BIG5 Unicode Description
0xA15A 0x2574 SPACING UNDERSCORE
0xA1C3 0xFFE3 SPACING HEAVY OVERSCORE
0xA1C5 0x02CD SPACING HEAVY UNDERSCORE
0xA1FE 0xFF0F LT DIAG UP RIGHT TO LOW LEFT
0xA240 0xFF3C LT DIAG UP LEFT TO LOW RIGHT
0xA2CC 0x5341 HANGZHOU NUMERAL TEN
0xA2CE 0x5345 HANGZHOU NUMERAL THIRTY
>
> > 3) CJKCodecs' euc-jp versus JapaneseCodecs' euc-jp
> >
> > CJK Japanese GNU
> > 01c0 005c ff3c ff3c
>
> That appears to be a bug in CJK, right? This is the question whether
> /xa1/xc0 is REVERSE SOLIDUS or FULLWIDTH REVERSE SOLIDUS. Now, it
> appears that euc-jp also supports /x5c, mapped to REVERSE SOLIDUS,
> and that /xa1/xc0 should be interpreted as FULLWIDTH REVERSE SOLIDUS,
> no?
Right. That makes sense.
>
> In case of doubt, I think ICU should be consulted for reference, as
> well, and following some kind of majority. In any case, I think the
> questionable mappings need to be documented.
>
> > f5a1 e000 - e000 -+ User-Defined Area
> > f5a2 e001 - e001 |
> > .... |
> > fefd e3aa - e3aa |
> > fefe e3ab - e3ab -+
>
> What are these? I cannot find them in glibc.

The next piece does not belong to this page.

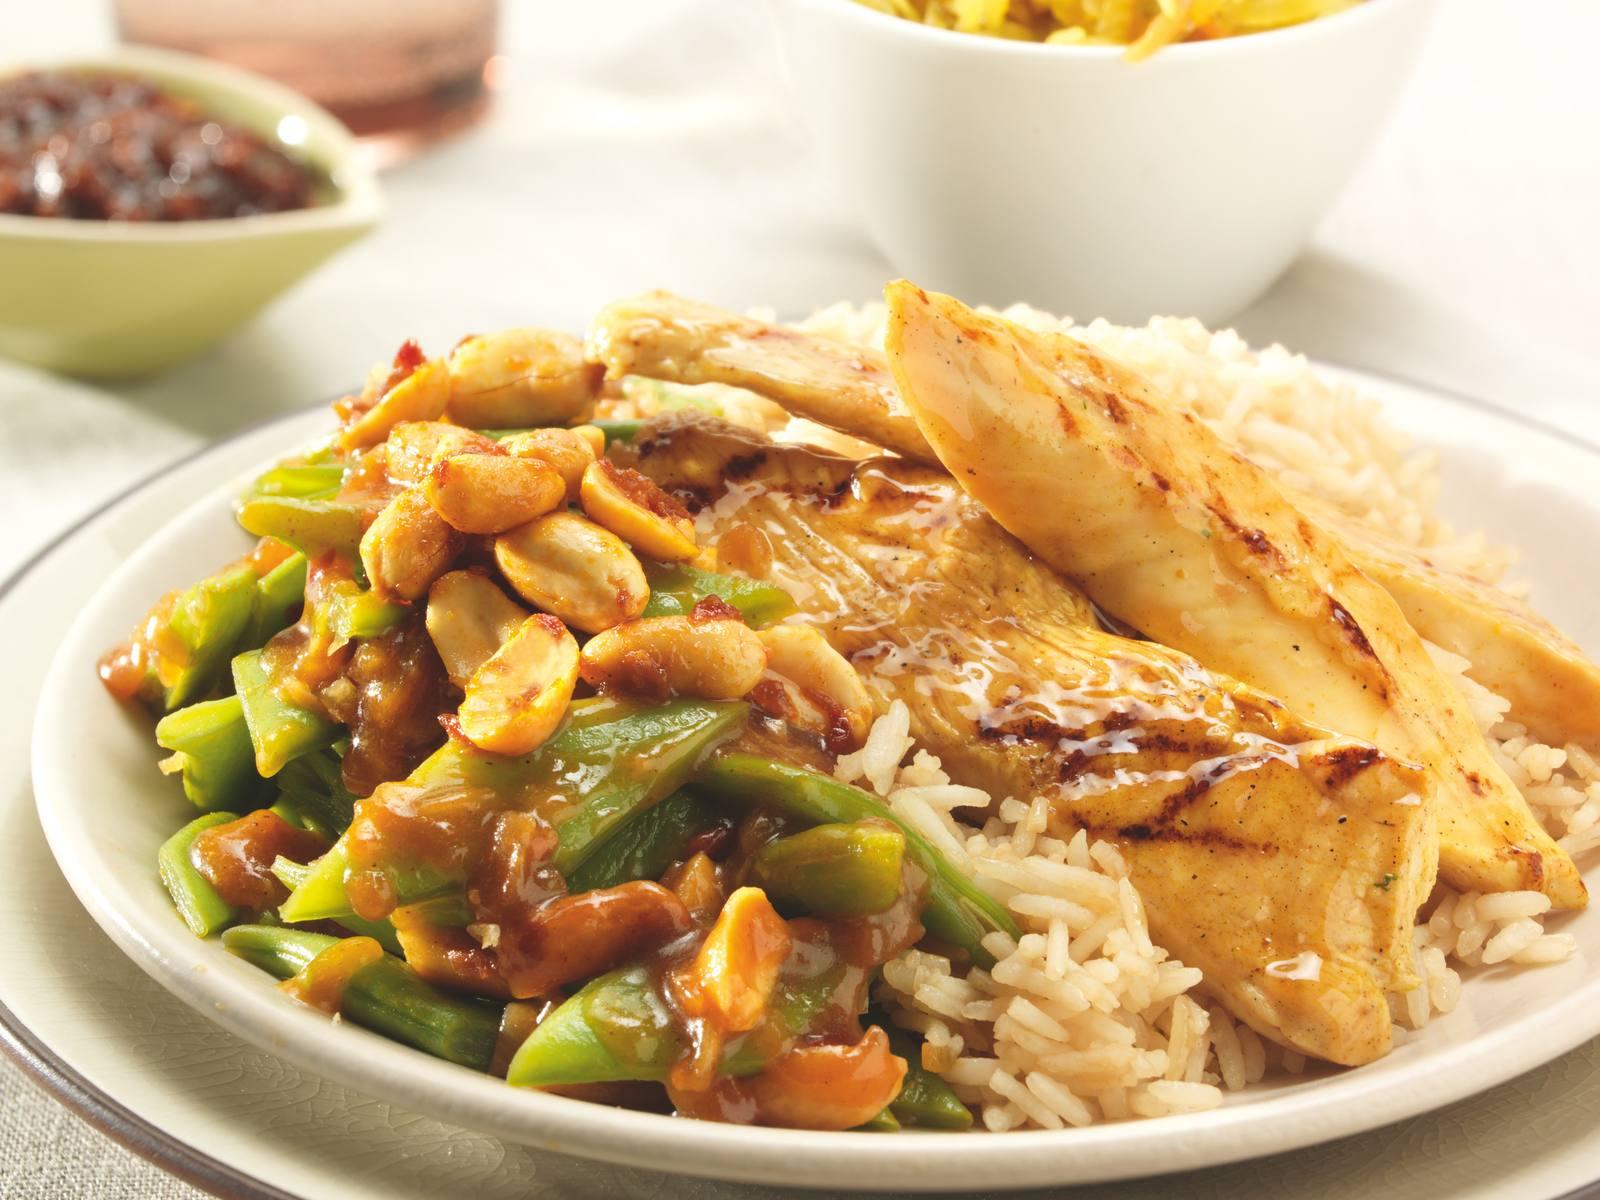 Sajoer Boontjes van snijbonen met soja rijst en BBQ kip
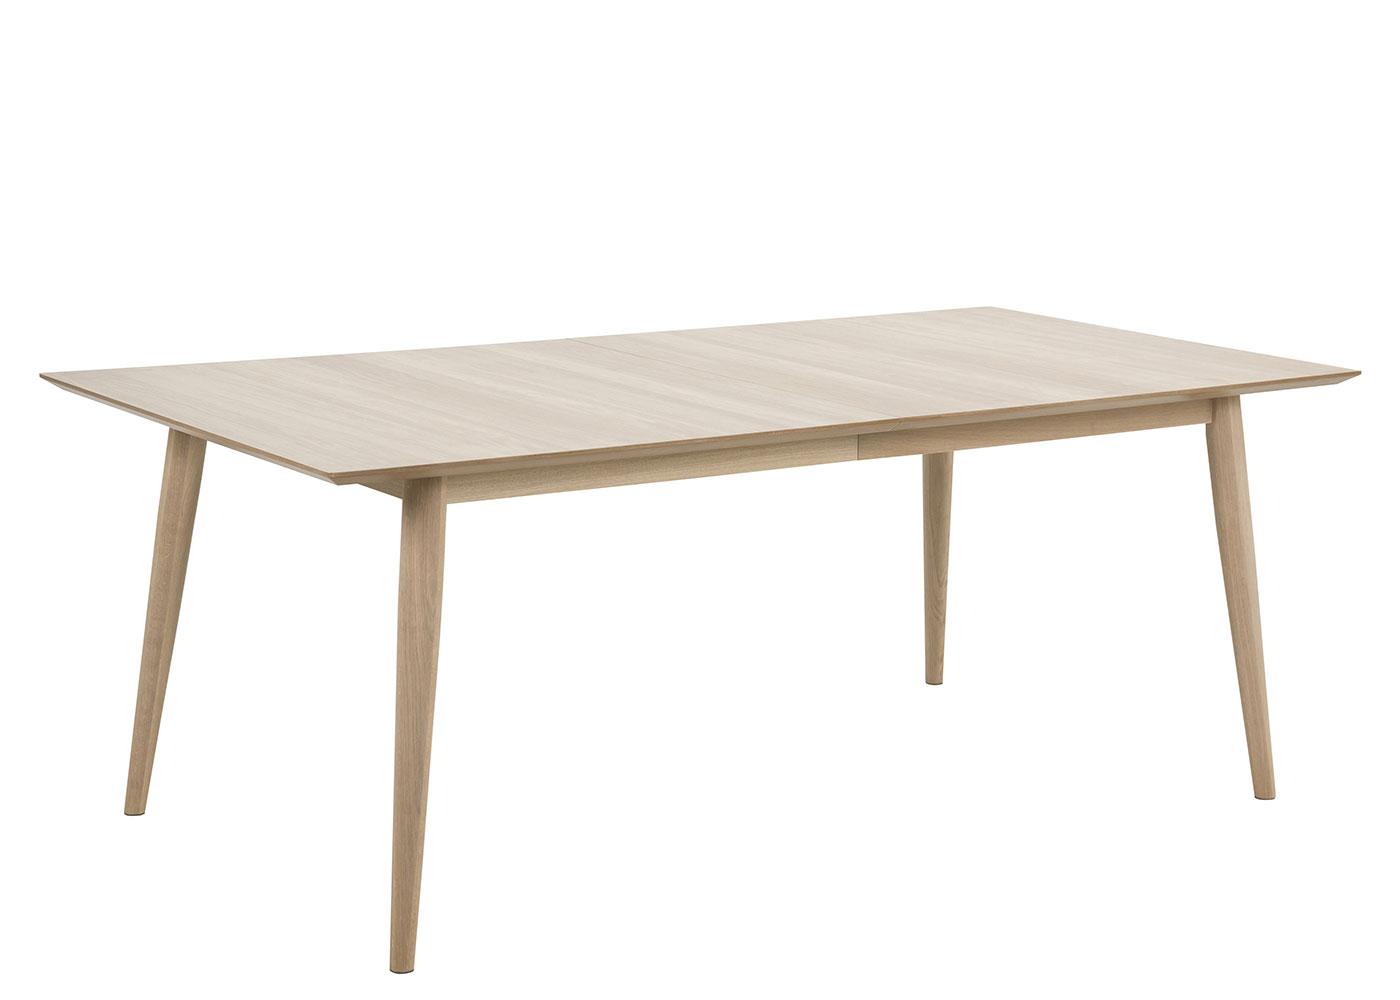 Jídelní stůl Delica, 200 cm

Quoting Ken Lunde's CJKV Information Processing p.206 table 4-66:
] Table 4-66: Shift-JIS to Unicode and EUC-JP for User-Defined Region
]
] Shift-JIS Unicode EUC-JP
] F040-F0FC E000-E0BB F5A1-F5FE, F6A1-F6FE
] F140-F1FC E0BC-E177 F7A1-F7FE, F8A1-F8FE
] F240-F2FC E178-E233 F9A1-F9FE, FAA1-FAFE
] --snip--
] F940-F9FC E69C-E757 8FFDA1-8FFDFE, 8FFEA1-8FFEFE
>
> > 4) CJKCodecs' shift-jis versus JapaneseCodecs' shift-jis
> >
> > CJK Japanese GNU
> > 005c 00a5 005c 00a5
>
> Here, I would trust GNU iconv; 5C really is YEN SIGN.
>
> > 007e 203e 007e 203e
>
> Likewise for OVERLINE - is there really no TILDE in shift-jis?
:)
>
> > 007f - 007f 007f
>
> Why that?
That's a bug of CJK. fixed.
>
> > 815f 005c ff3c ff3c
>
> Again: Why that? Shouldn't /x81/x5f be FULLWIDTH REVERSE SOLIDUS?
Then, shift-jis will lose a *reserse solidus*. And, even Unicode.org's
mapping did:
] sjis jisx0208 unicode
] 0x815F 0x2140 0x005C # REVERSE SOLIDUS
>
> > 817f - 00d7 -
>
> What character is that? Why does JapaneseCodecs map it to
> MULTIPLICATION SIGN? glibc seems to map that to /x81/x7e;
> is that a typo in JapaneseCodecs?
>
> > 837f - 30df -
>
> Are you sure glibc does not support that? Seems to be
> KATAKANA LETTER MI.
>
>
> > 9e7f - 684e -
>
> Why does JapaneseCodecs do that? glibc maps 9e7e to 684e.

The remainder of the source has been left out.